Background

The most recent guidelines provide detailed algorithms for preoperative evaluation and preoperative risk assessment of lung resection candidates. There is no single gold standard test to predict the adequacy of post–resection lung function. Pulmonary evaluation includes “the three legged stool”: respiratory mechanics, pulmonary parenchymal and cardio-pulmonary function.

Keywords: preoperative evaluation, predictive postoperative forced expiratory volume in one second (ppoFEV1), cardiopulmonary exercise test (CPET), high-risk pulmonary patient.

Materials/Methods

In the past year, 667 patients ASA II-IV were operated in our department. Pulmonary resection was performed in 448/667 (67%) patients. After thoracic surgeon had decided types of lung resection, preoperative pulmonary function was evaluated. PpoFEV1 was less than 40% in 83/448 (19%) patients. CPET was performed in these patients. Ten patients were not capable of doing load exercise test. 64 out of 73 (88%) patients had maximum O2 uptake – VO2 max > 20 ml/kg/min, and 7/73(10%) patients had VO2max between 15-20 ml/kg/min.
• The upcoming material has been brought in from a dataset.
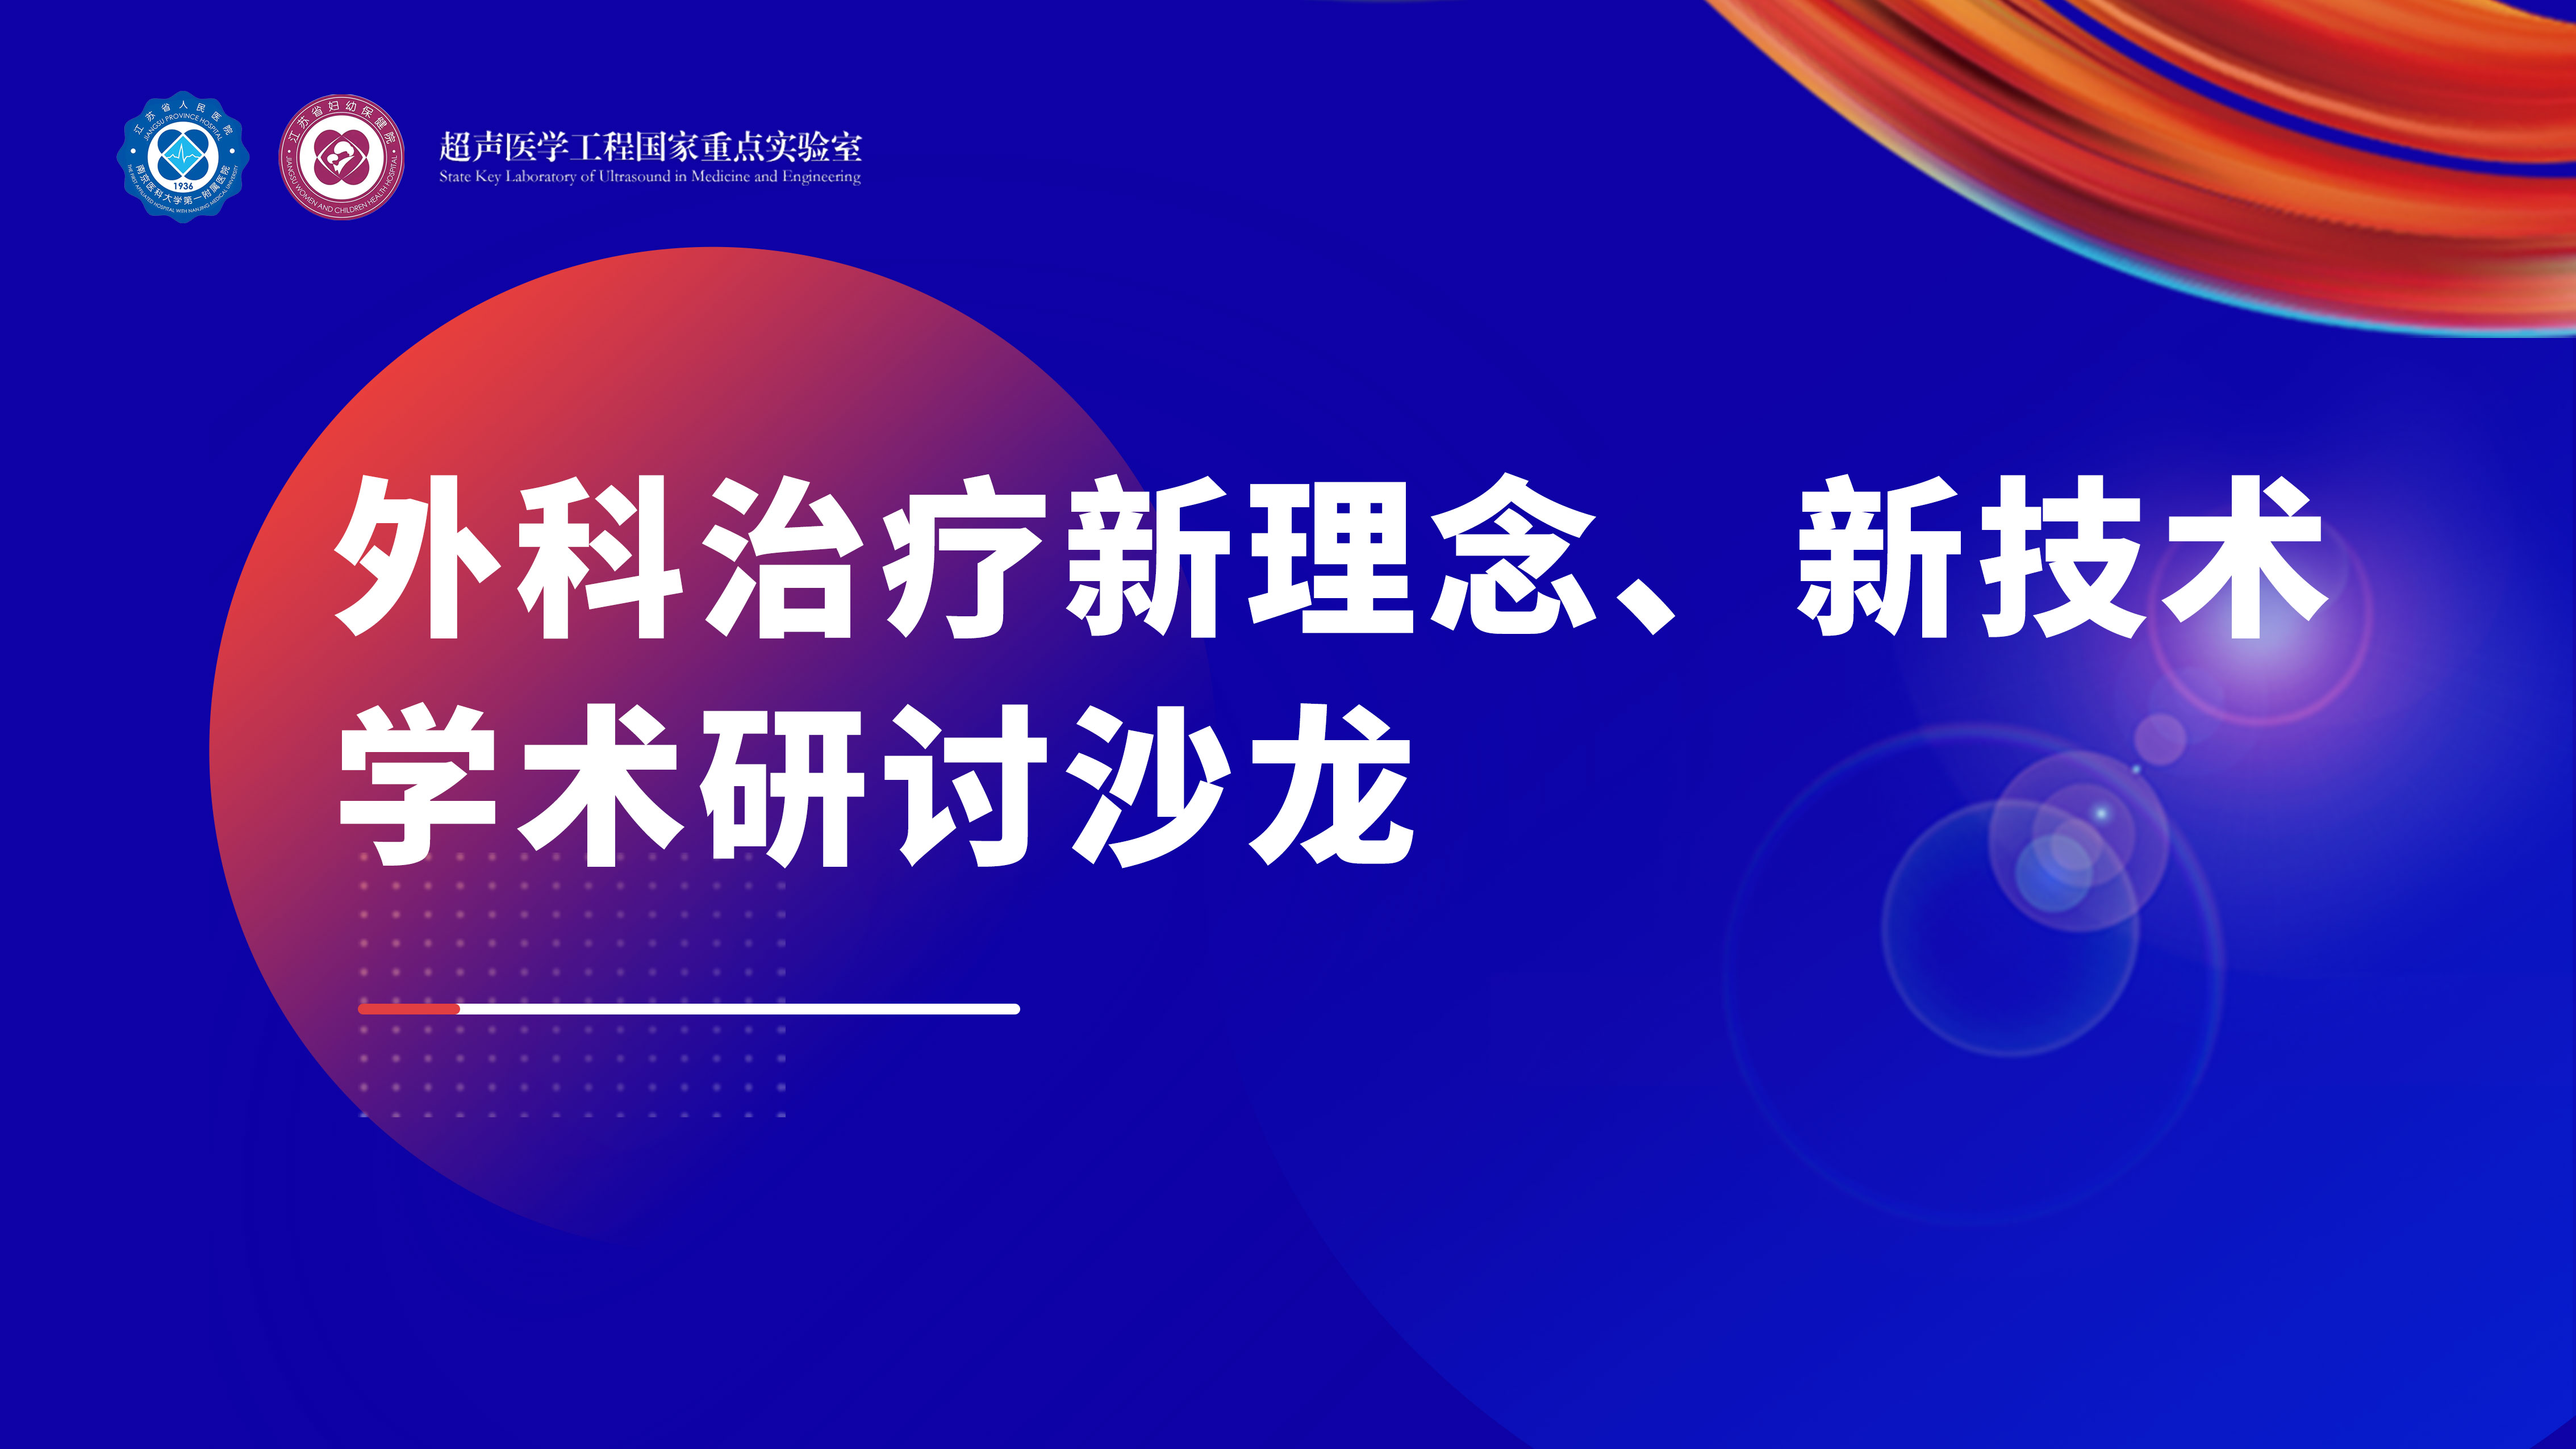 江苏省人民医院“乳腺外科治疗新理念、新技术学术沙龙”圆满举行

Only 2/73 (3%) patients had VO2 max less than 10 ml / kg / min and were contraindicated for lung resection surgery. 32/81 (40%) suffered from postoperative complications. 3/81 (4%) patients died because of respiratory failure and infections.

Discussion

Today, the number of people with COPD and lung cancer is increasing, as well as the number of high-risk patients for lung cancer resection. Today, there are three great guidelines for preoperative evaluation for cancer resection (ERS/ESTS, BTS/SCTS and ACCP). These guidelines provide detailed algorithms for preoperative evaluation of resectable patients. Before the final evaluation, patients with poor lung function should be included in program of pulmonary rehabilitation and the bronchodilator therapy should be intensified. The biggest problem were the patients who have poor lung function and could not do load exercise tests. Our experience has shown that the majority of patients who had ppoFEV1<40% during CPET have achieved good results.

Conclusion

Preoperative evaluation shows the risks of the development of perioperative morbidity and mortality. The decision on operability of any border patient should be made by a multidisciplinary team including a surgeon, an anaesthesiologist and an oncologist.